How To Stop Using Free Email

I'm not going to lie. Changing your email account suuuuuuuuucks. But having gone through it recently, I've compiled the steps necessary and have tried to make it as simple as possible.

Is it worth it? You can read more about why you'd want to do this here: Stop Using Free Email.

Even if you're not technical, you can do this. It's a lot of steps but just put on a cup of coffee and take it slow. The main steps should take less than a couple of hours and you should only have to do this once.

If you get stuck on any of these steps for more than 15 minutes, just contact me and I'll help you through.

Clarifying Terms

Skip this section if you already have a firm grasp on email.

In order to understand why the following steps are necessary and what each one does, we'll have to separate out the components of what we usually mean when we say "email." This is important because there are different costs associated with each component, where the free services usually bundle them all together.

For a mental model most of us understand better, let's compare it to phones. The phone system analog is in parentheses below.

Email Address (Phone Number): This is just what you think, like "[email protected]," but we need to understand its relation to your email account and your email client. Like a phone number it can be independent of the service behind it, like how you can transfer your number from AT&T to Verizon.

For email, this kind of transfer is only possible if you own the domain that's in the address, the "example.com." So for most free services like Gmail, Yahoo, or Hotmail, you're not going to be able to use your existing email address with a different email provider. That's because you don't own "gmail.com" or "hotmail.com." More on this later.
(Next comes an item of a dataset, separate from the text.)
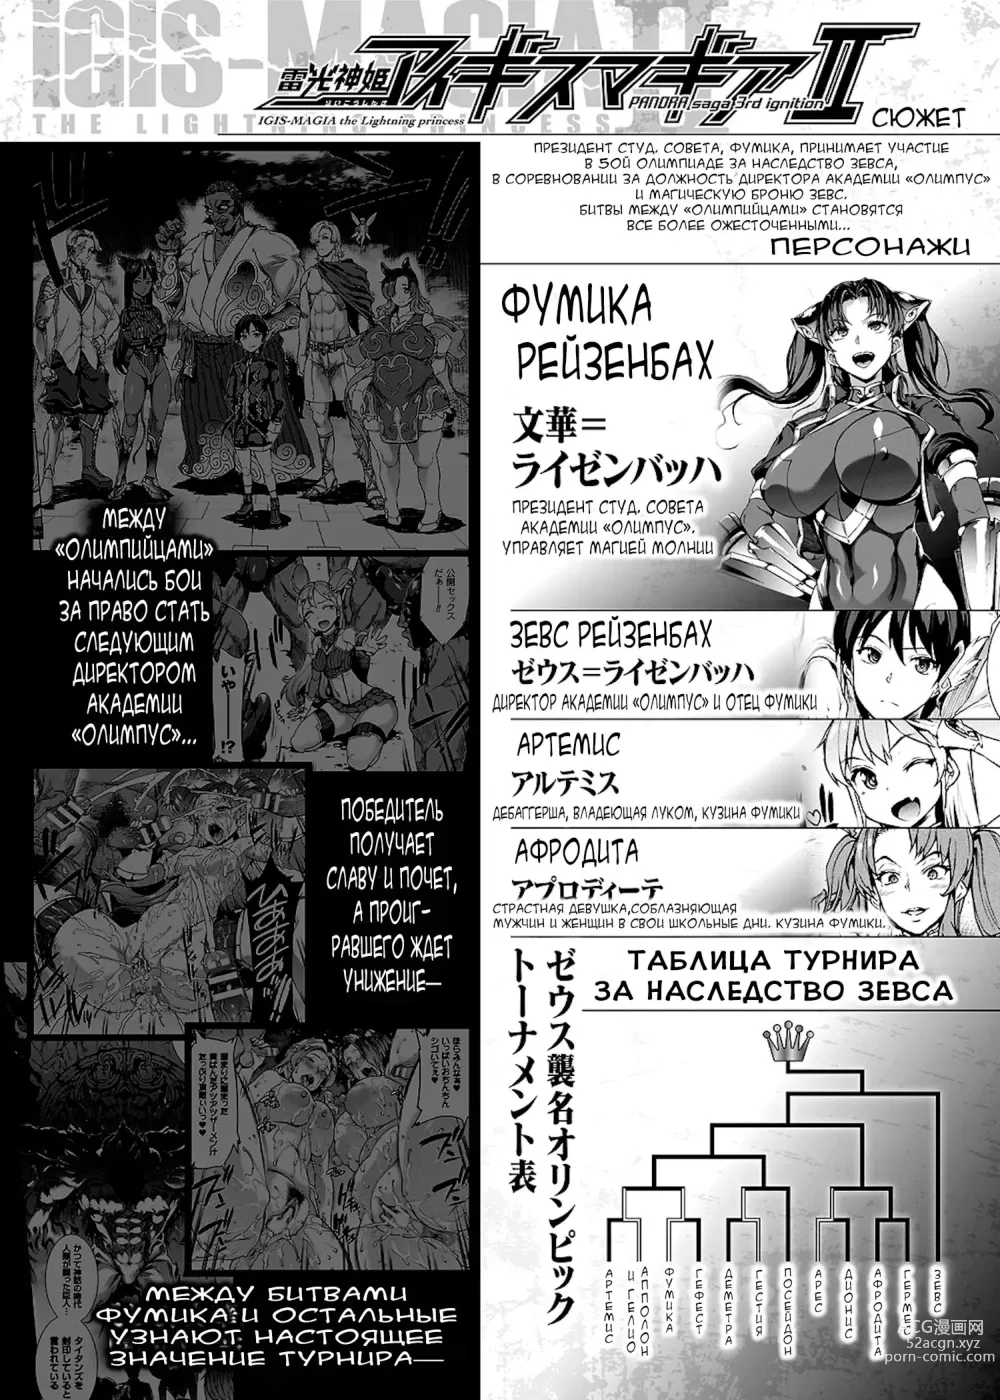 Page 7 of manga Raikou Shinki Igis Magia II -PANDRA saga 3rd ignition-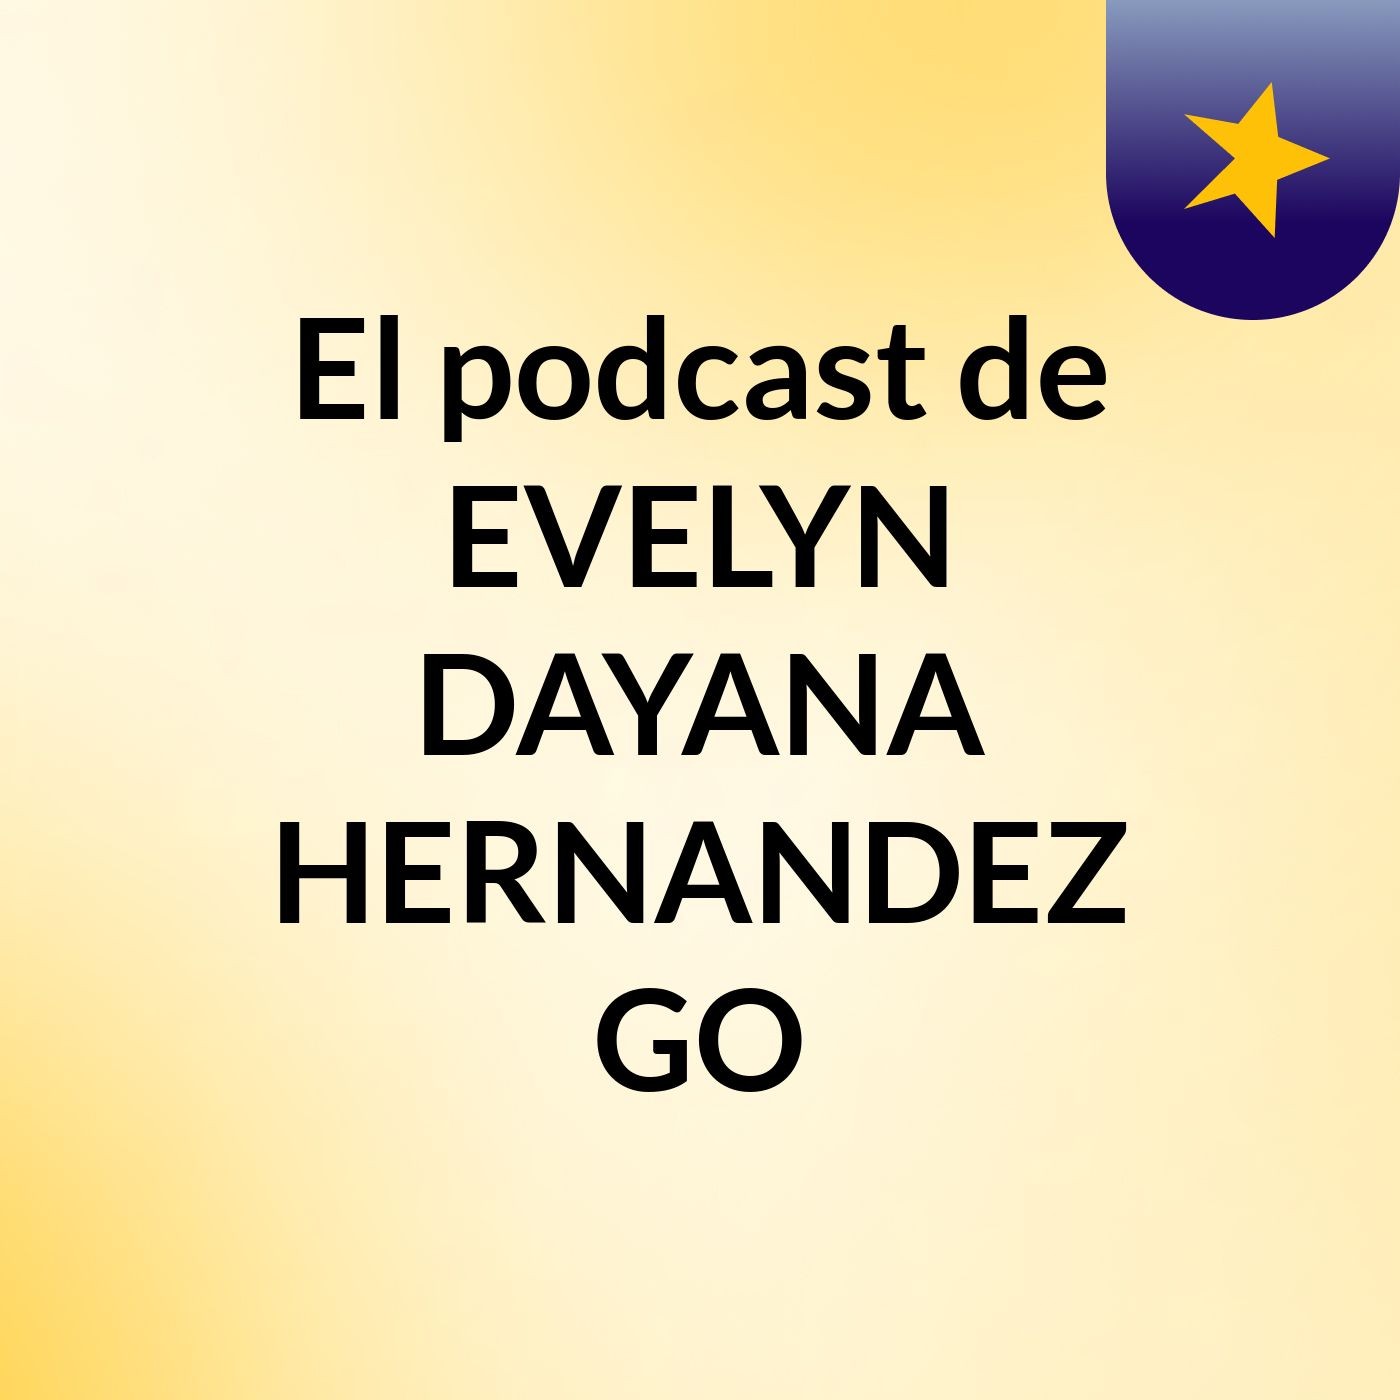 El podcast de EVELYN DAYANA HERNANDEZ GO

Email Provider (AT&T/Verizon/etc.): This is the owner of the server that will send and receive your emails for you. They pay for the hard drive space that your emails take up, and make sure that the server is always up and running so you don't miss any emails people send you. This is Google for Gmail, Microsoft for Hotmail, etc.

You get a username and password with the Provider to gain access to your emails, then you usually enter those into some sort of mail client to authenticate yourself. The client then stores your credentials and uses it to pull down emails from the server.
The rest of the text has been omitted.